Все это время она молчала: она позволяла мне целовать свое платье, свои ноги, каменный пол, на котором стояла. Вдруг, внезапно, она сказала лишь: «Ты забавное создание: ты любишь меня, правда — ты?»
Тогда я заговорил, будучи вне себя. Я не помню ничего из того, что сказал: она слушала меня в молчании, стоя прямо надо мной, пока я стоял на коленях. Свет был очень тусклым; лампа раскачивалась на своей бронзовой цепи; я видел только глаза женщины, вжигающие свою волю в мои. Она слегка склонила голову: ее голос был очень тихим. Она сказала лишь: «Я знала это давно. Да, ты любишь меня, но как? Как?»
Как? Я не знал слов, которые могли бы ей сказать. У человеческих языков никогда не хватает слов для этого: взгляд может сказать все. Я посмотрел на нее.
Она на мгновение вздрогнула, словно я причинил ей боль. Вскоре она вновь обрела власть над собой. «Но как?» — пробормотала она очень тихо, склонив надо мной свою прекрасную голову, почти касаясь моей. — «Но как? Достаточно, чтобы... ?»

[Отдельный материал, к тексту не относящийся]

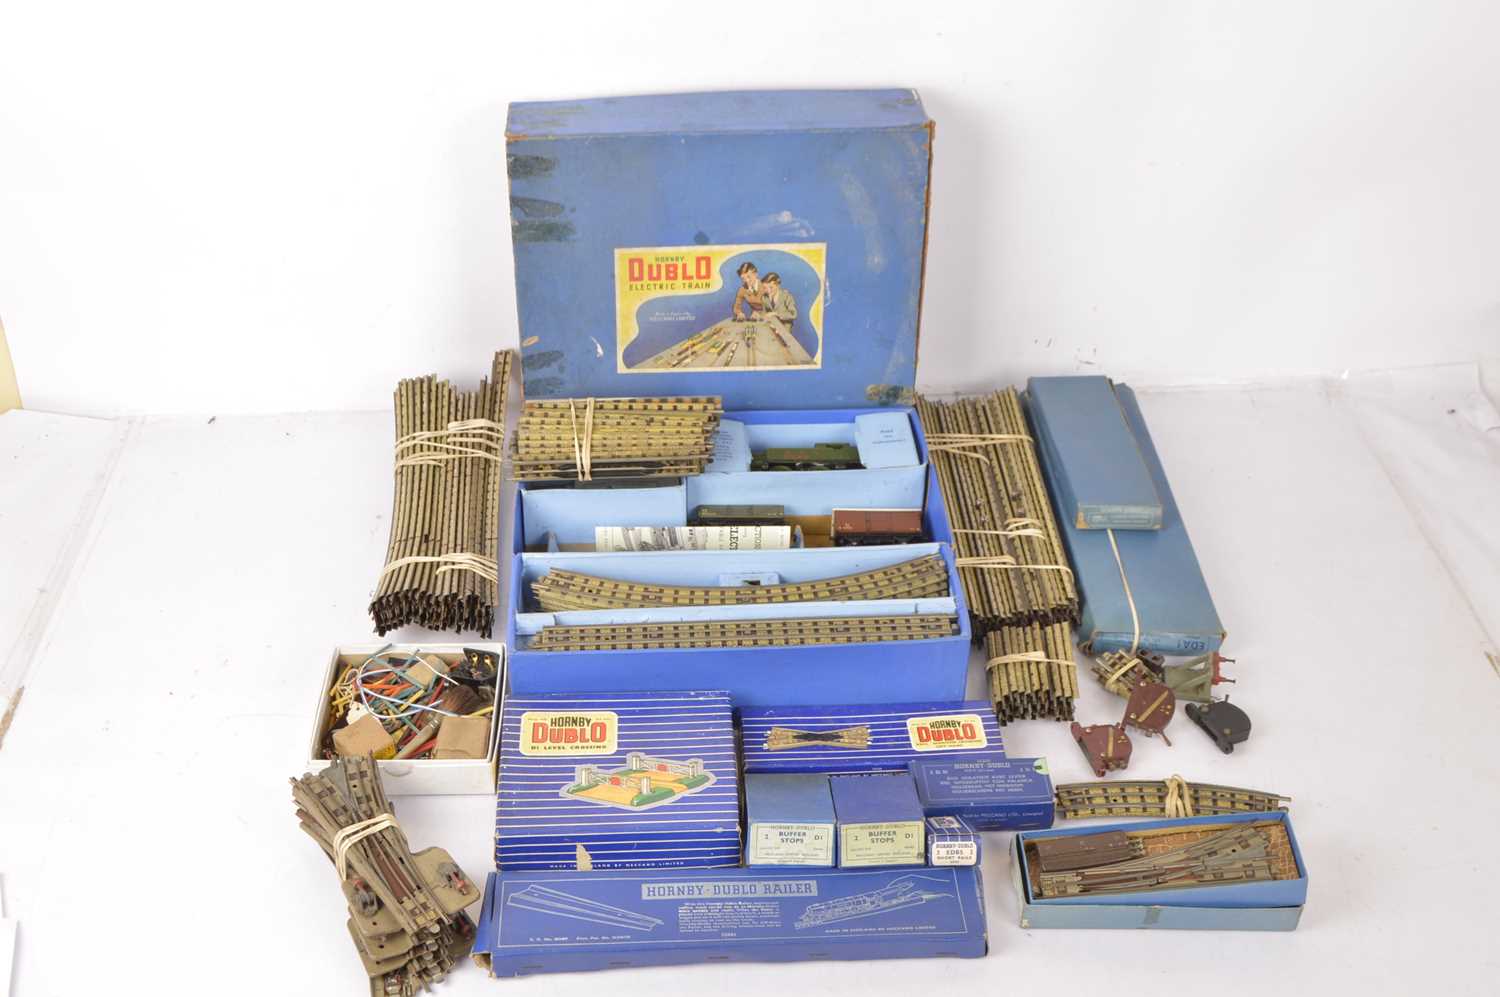 Lot 590 - Hornby-Dublo 00 Gauge 3-rail EDG7 LNER Goods Train Set additional Track and Accessories (qty)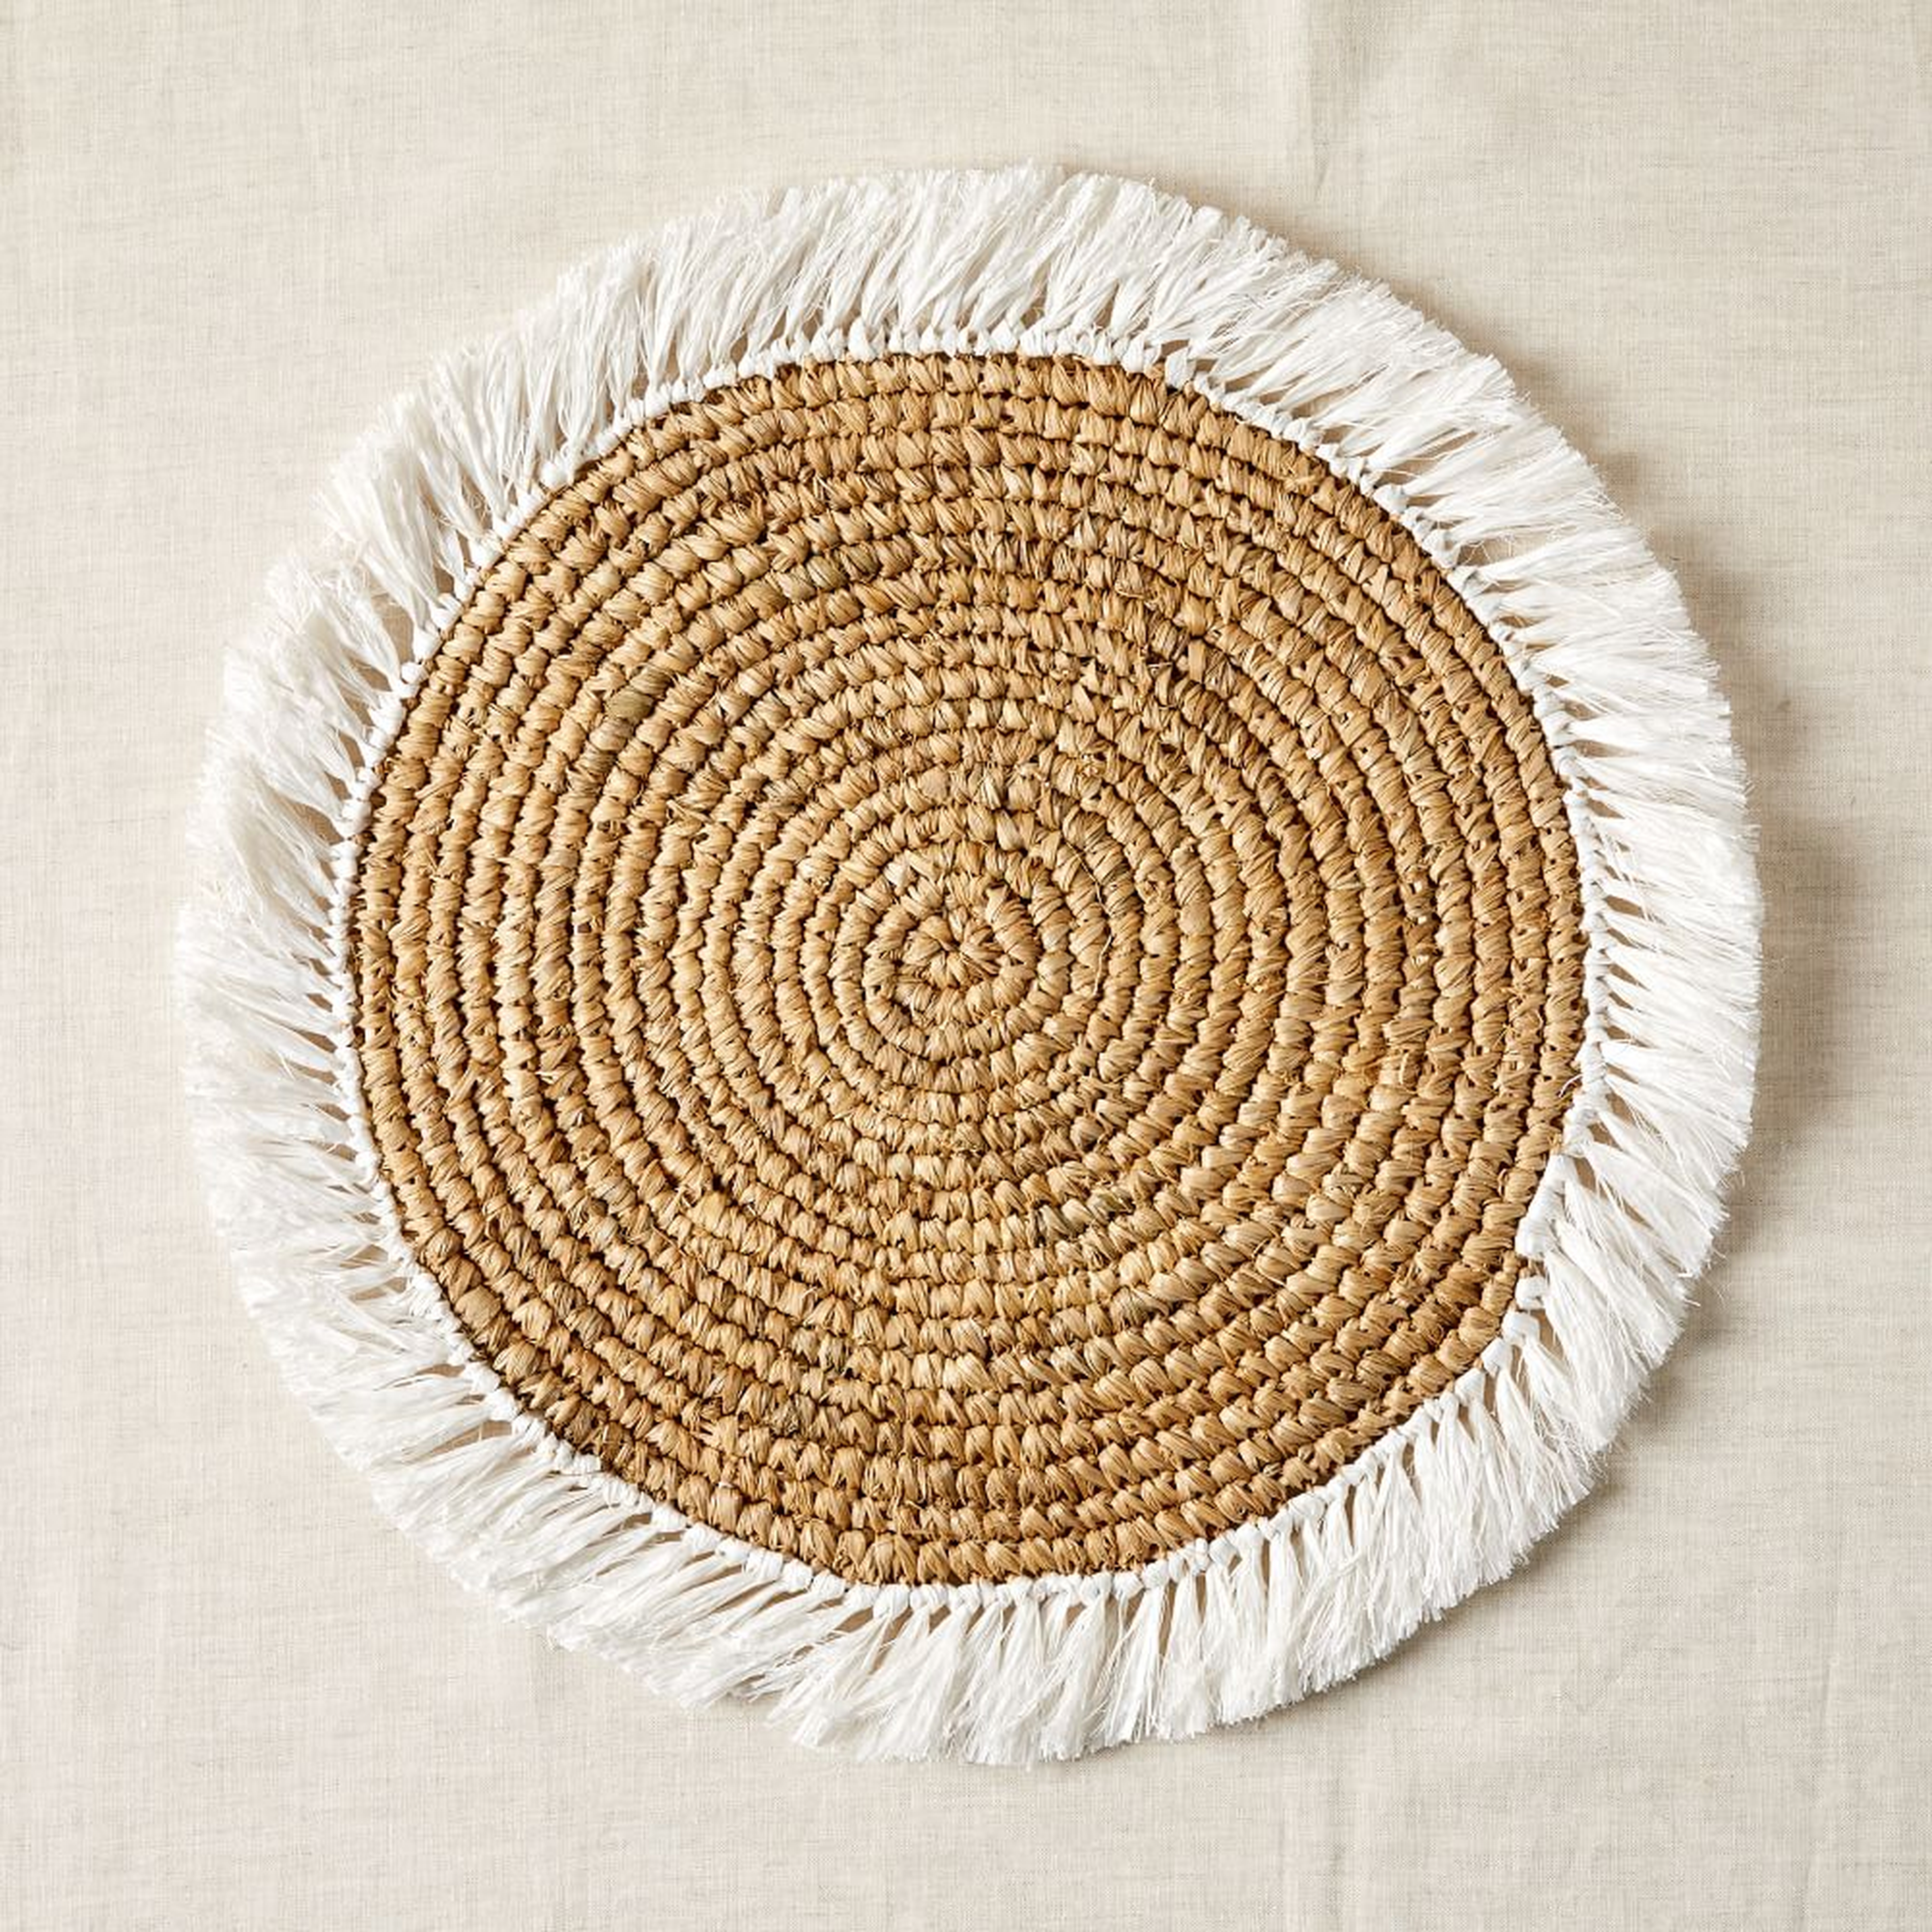 Woven Brights Collection, Placemat, Natural + Stone White - West Elm

Она замолчала. Достаточно? Достаточно для чего? Достаточно, чтобы отречься от небес, бросить вызов аду, встретить смерть и мучения, сделать все, что может сделать человек: кто мог бы сделать больше?
«И я люблю тебя — я». Она прошептала эти слова очень тихо: вечерний ветер, касающийся роз, не был мягче ее голоса. Она коснулась моих волос губами. «Я люблю тебя», — повторила она. — «Потому что ты силен, ты силен».
Стоя на коленях перед ней, я заключил ее в объятия. Я притянул ее к себе: я пил вино Рая — вино, которое сводит людей с ума.
Но она остановила меня, отстранилась, но мягко, без гнева. «Нет», — сказала она, — «еще не время, еще не время». Затем добавила еще тише: «Ты должен заслужить меня».
Заслужить ее? Я не понимал. Я хорошо знал, что не заслуживаю своего счастья, глупый дурак, простой человек из народа, у которого вместо королевского трона — лишь подмостки деревенской ярмарки. Но, раз она любила меня, толпа мыслей, смутных и головокружительных, теснилась в моем мозгу и бешено кружилась. Там, наверху, на колокольнях и башнях в детстве, с чистым синим воздухом вокруг и людным миром у моих ног, я мечтал о стольких глупых и прекрасных вещах — героических, фантастических, сотканных из легенд о святых и поэм странствующих менестрелей. Когда она заговорила со мной так, эти старые прекрасные фантазии вернулись в мою память. Если она хотела, чтобы я стал солдатом ради нее, думал я...
Она посмотрела на меня, сжигая мою душу своими глазами, которые стали мрачными, но блестящими, как воды Тибра, освещенные золотой луной. «Ты должен заслужить меня», — повторила она: — «ты должен освободить меня. Ты силен».
«Я готов», — ответил я. Я все еще стоял перед ней на коленях. На шее у меня был простой крестик, который мать повесила мне в детские годы. Я коснулся креста правой рукой в знак клятвы и стойкости. «Я готов», — сказал я ей. — «Чего ты хочешь?»
Она ответила: «Ты должен освободить меня. Ты силен».
Даже тогда я не понял. «Освободить?» — повторил я. — «Ты хочешь бежать со мной?»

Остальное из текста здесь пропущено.